A palavra “amizade” deriva do latim amicus (amigo), que possivelmente se derivou de amore (amar). Em sentido amplo, é uma relação afetiva entre duas pessoas que envolve o conhecimento mútuo e a afeição, além de lealdade ao ponto do altruísmo.

Na literatura científica, ela é reconhecida como uma importante fonte de felicidade e de bem-estar, uma vez que concede suporte social, o compartilhamento de experiências, de interesses, de sentimentos e de emoções. Para Carl Rogers, a amizade “é a aceitação de cada um como realmente ele é”.

A amizade é uma relação que traz diversos benefícios para nossa saúde(Foto: Divulgação / Shutterstock)
Foto: Divulgação / Shutterstock A amizade é uma relação que traz diversos benefícios para nossa saúde

A discussão acerca dos benefícios dessa relação é realizada por cientistas e pesquisadores há décadas. Um desses estudos é o de Harvard Study of Adult Development, desenvolvido pela centenária instituição de Massachusets, que acompanhou a vida de centenas de pessoas ao longo de mais de 80 anos.

Os cientistas queriam entender como os relacionamentos interpessoais, independentemente da idade, são fundamentais para o bem-estar e a longevidade. Foi revelado que quem mantinha conexões sociais fortes e significativas viviam mais, além de ter uma melhor saúde física e mental.

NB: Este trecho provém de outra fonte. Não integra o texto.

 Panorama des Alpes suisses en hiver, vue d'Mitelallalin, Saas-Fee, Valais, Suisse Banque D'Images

Foi detalhado que os relacionamentos próximos, mais do que dinheiro ou fama, era o que mantinha a felicidade das pessoas ao longo de suas vidas. Esses laços protegiam as pessoas dos descontentamentos, ajudavam a retardar o declínio mental e físico, além de contribuir para uma vida mais longa.

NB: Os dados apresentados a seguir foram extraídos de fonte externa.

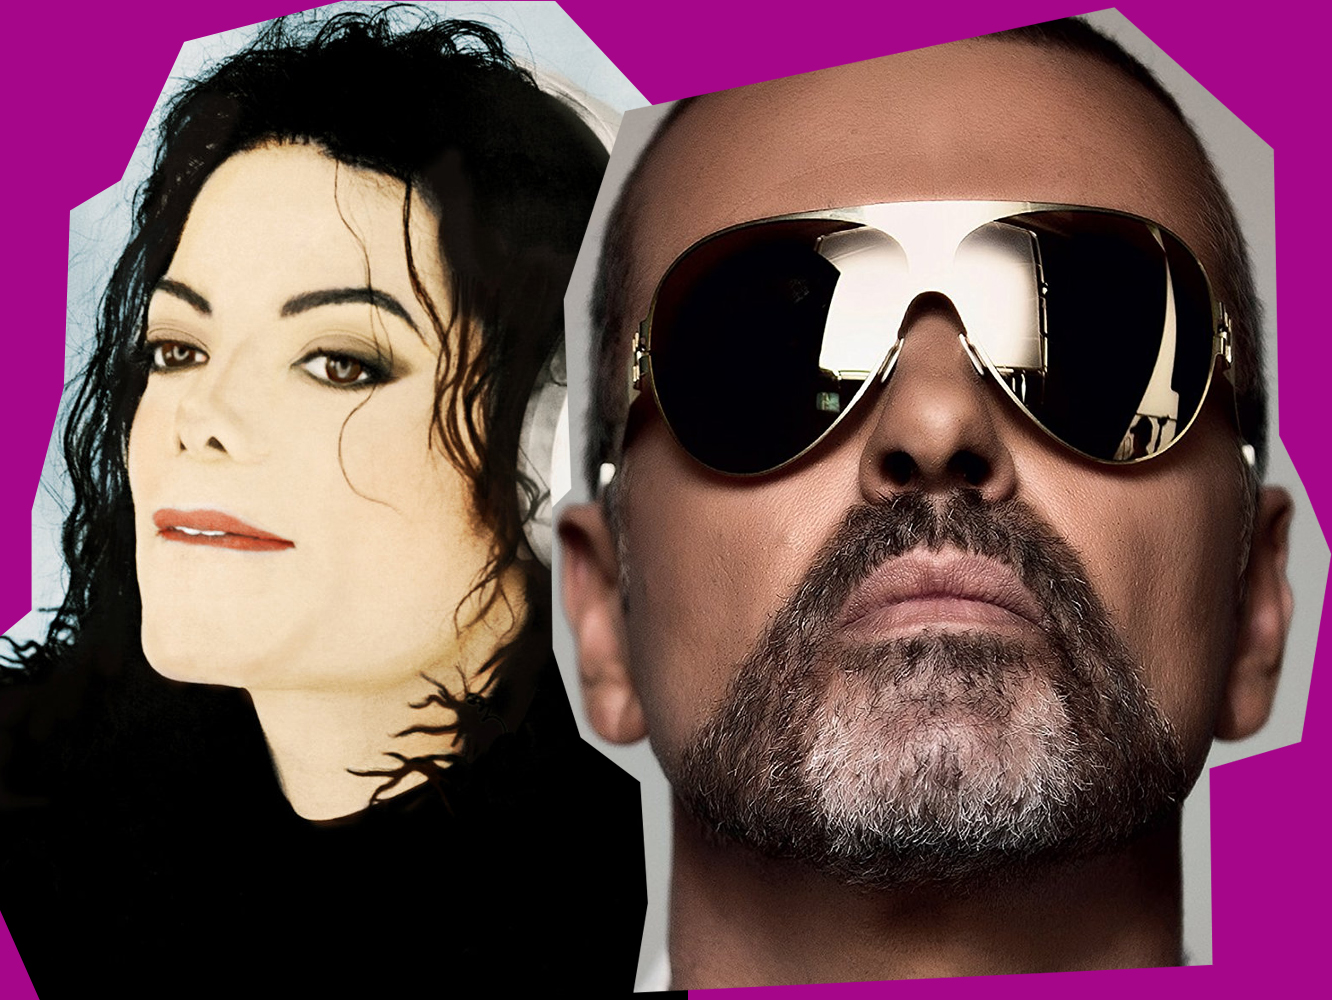  Hay ‘nuevos’ lanzamientos, pero no ‘nuevos’ singles de George Michael o Michael Jackson

A pesquisa é uma das mais longas sobre comportamento humano(Foto: The Harvard Gazette )
Foto: The Harvard Gazette A pesquisa é uma das mais longas sobre comportamento humano

O diretor do estudo, Robert Waldinger, que também é professor e psiquiatra, afirmou em uma palestra: “Bons relacionamentos não protegem apenas nossos corpos; eles protegem nossos cérebros”.

A psicóloga clínica, Janara Pinheiro, explica que a amizade é um espaço potencial da construção de si e do outro, que leva ao respeito, a tolerância, e a renúncias, além de remeter as noções de intimidade e da capacidade de estar só.

“Você precisa ter prazer na própria companhia e reconhecer o outro como diferença. É um espaço de muita criatividade e potência, que exige um esforço psíquico para conviver melhor com o outro, não ficando preso no individualismo”, diz.

Janara Pinheiro é psicóloga clínica(Foto: Arquivo Pessoal )
Foto: Arquivo Pessoal Janara Pinheiro é psicóloga clínica

Para a especialista, a amizade é uma oportunidade de conhecer a si e ao próximo, por isso ela remete a noção de liberdade, reciprocidade, intimidade e a renúncias narcísicas em prol da convivência com outro, resultando na edificação da nossa sociedade.

“Ter uma amizade é importante para a nossa saúde mental, elas nos ajudam aprender a lidar com as emoções, como a raiva e a tristeza, e as frustrações do cotidiano nas diferentes fases da vida. Os sentidos da amizade são construídos e transformados dependendo da cultura e da época histórica”, afirma.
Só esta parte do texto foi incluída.